------ GIVEN DATA

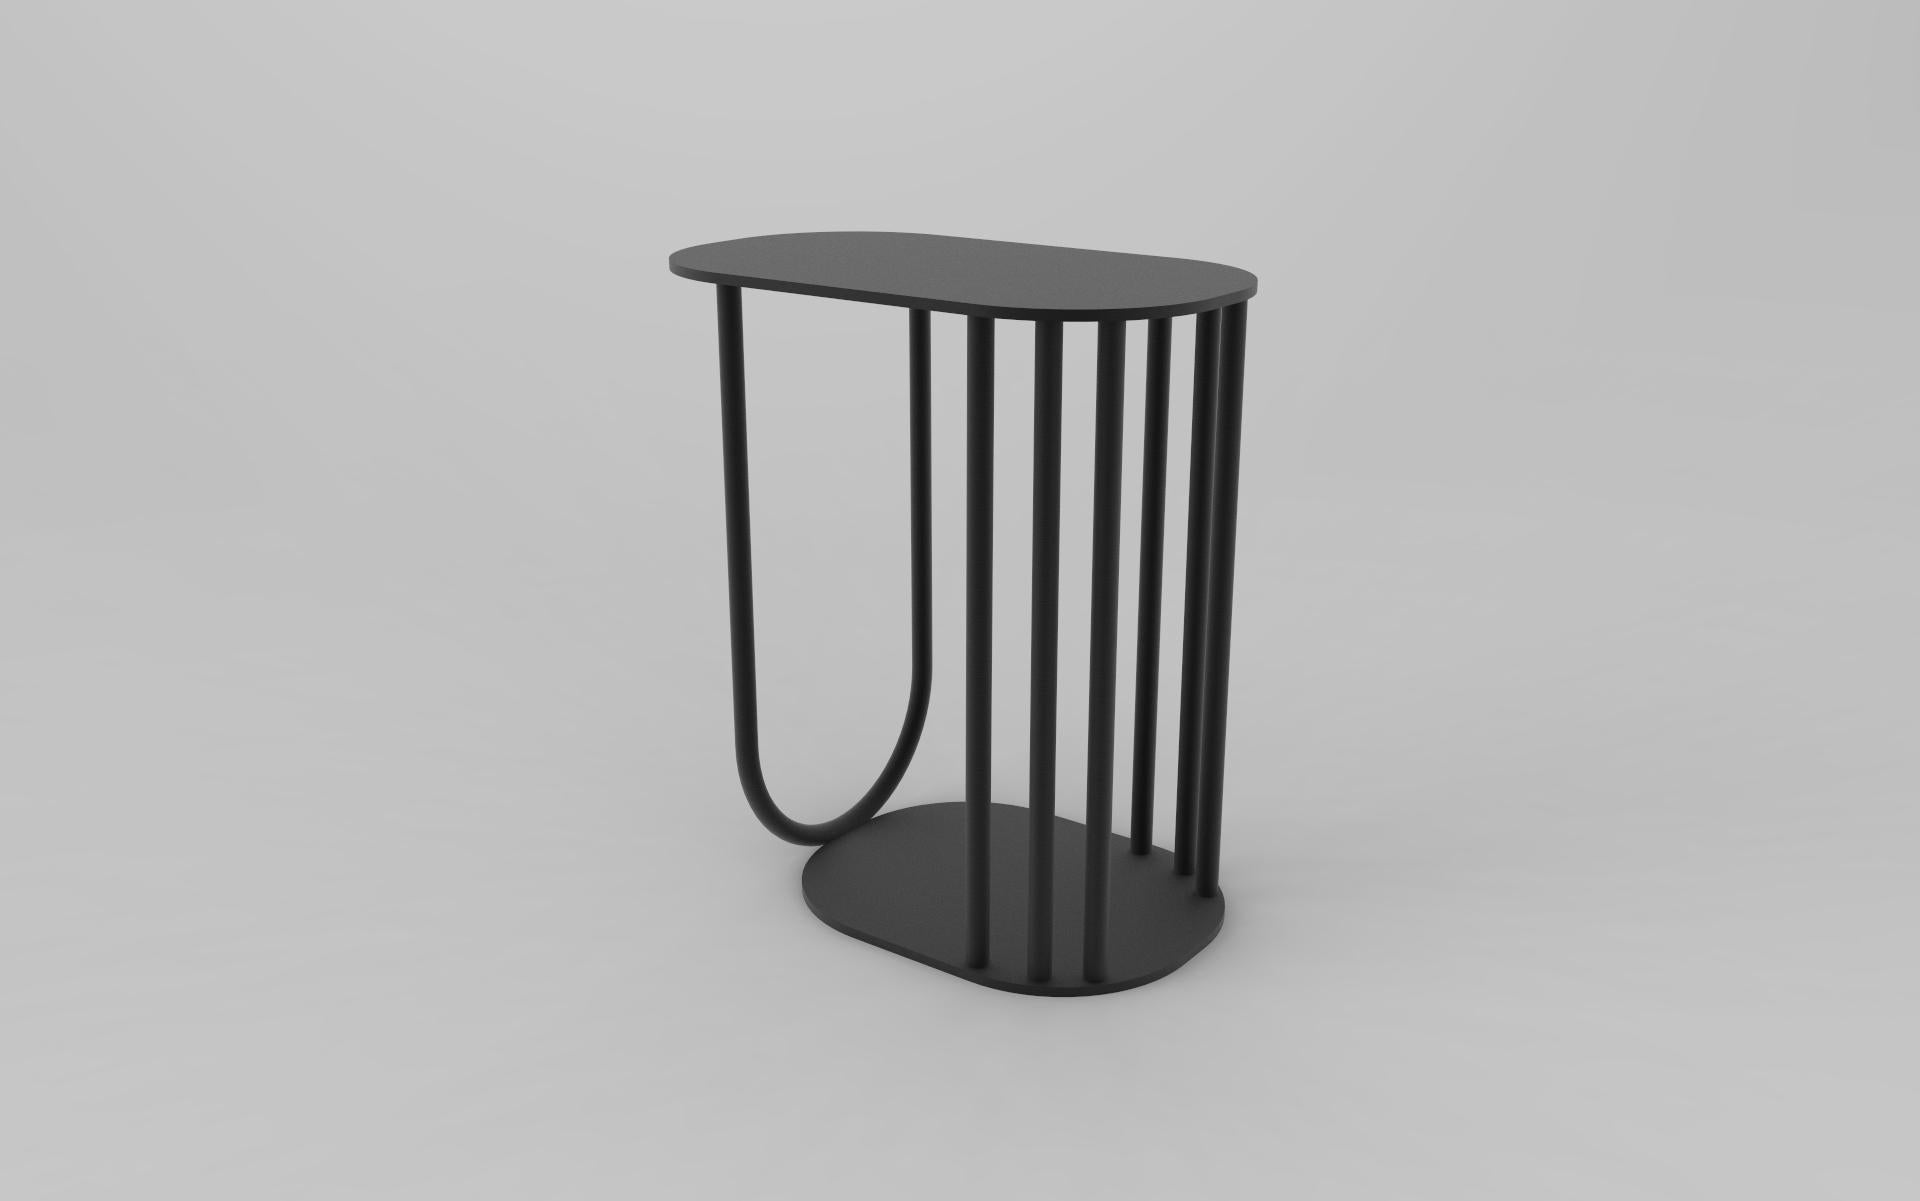 Atlantis Side Table by Studio Laf 
Dimensions: L 40 cm x W 23 x H 44 cm
Materials: Metal
Also Available in two different materials: Black Metal or Brass, please contact us for more information.


It emerged with a combination of simple linear
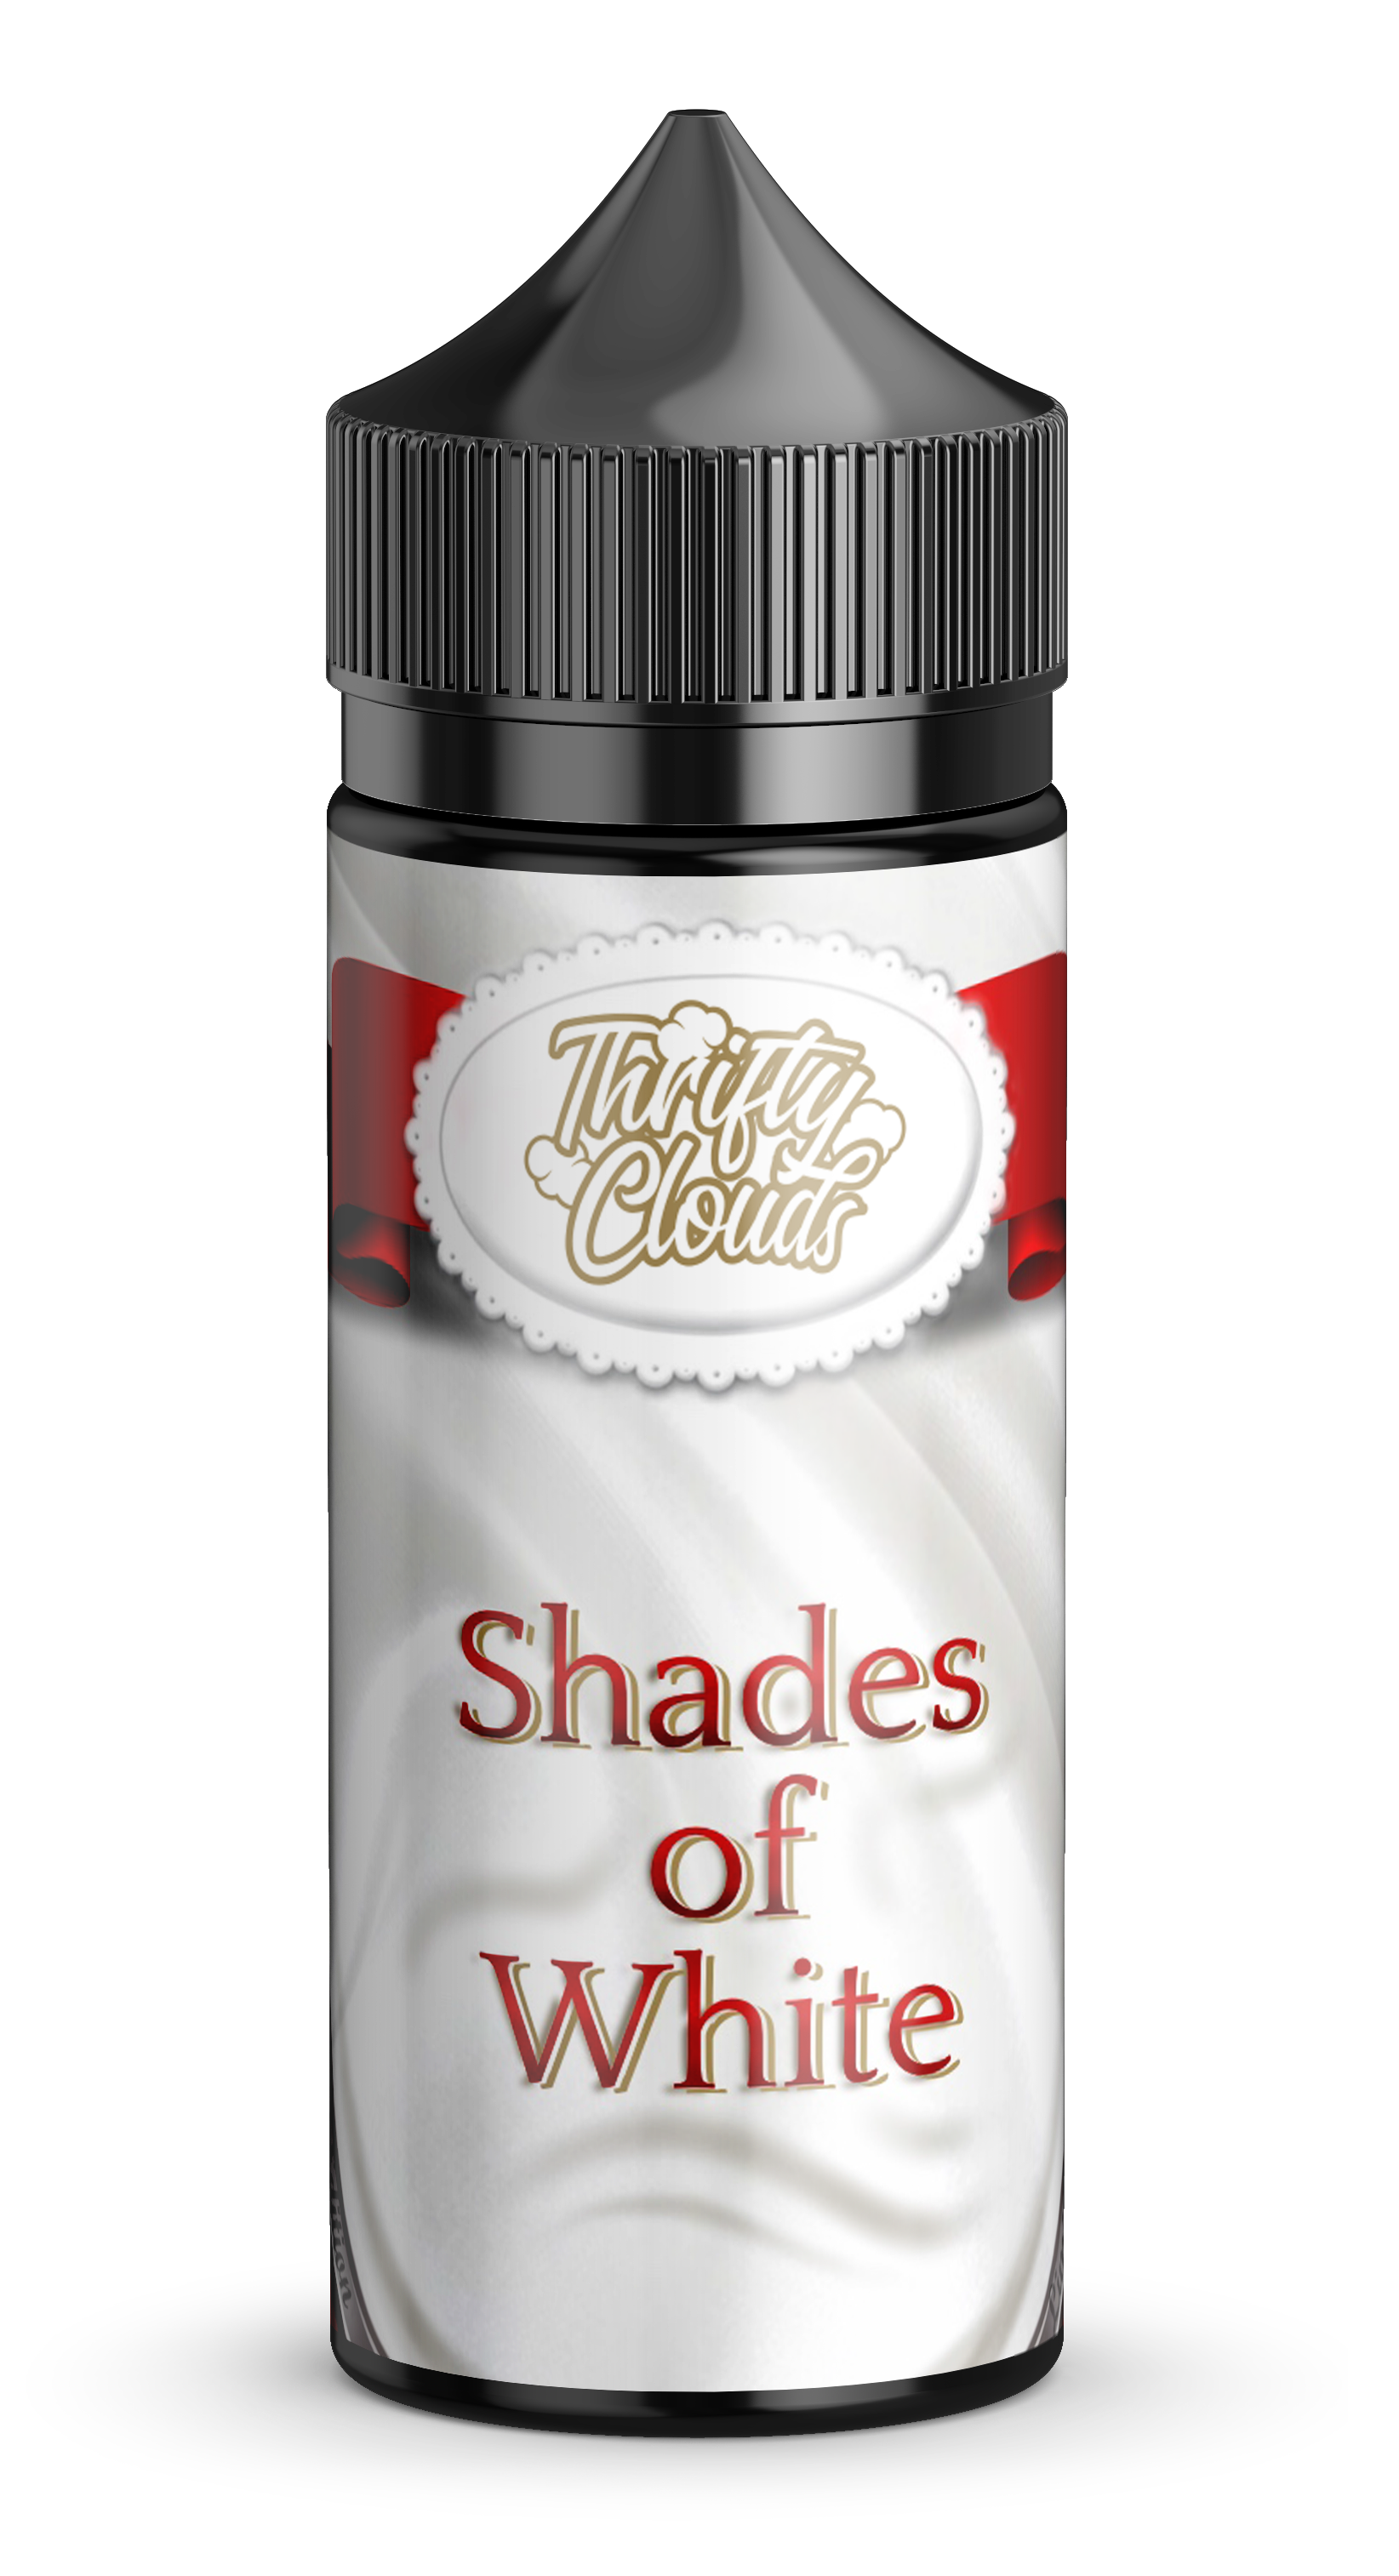 Shades of White by Thrifty Clouds 100ml
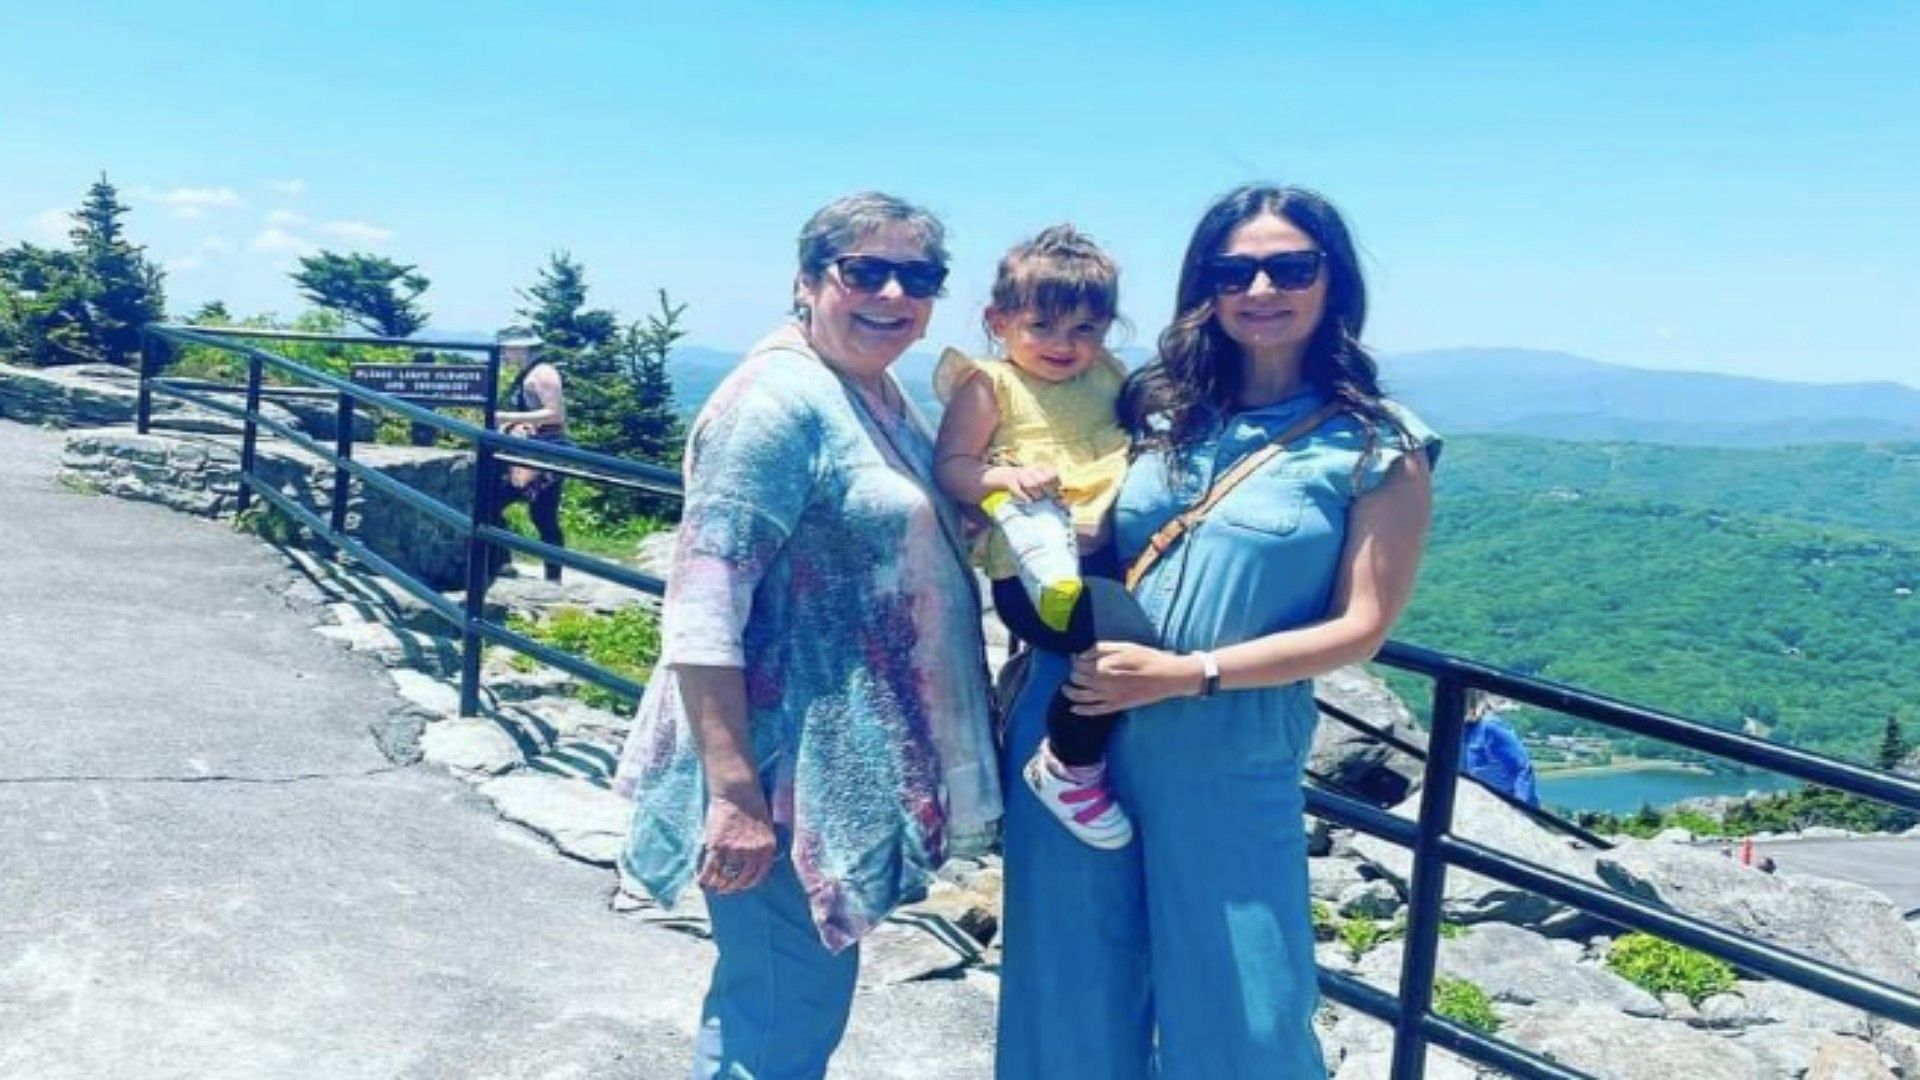 Barbara Rumpel (L) standing beside her grandchild and daughter (Image via Marge/Twitter)

------------

Reproduce each line in the listing above that mentions the string "Metal".

=== REPLY ===
Materials: Metal
Also Available in two different materials: Black Metal or Brass, please contact us for more information.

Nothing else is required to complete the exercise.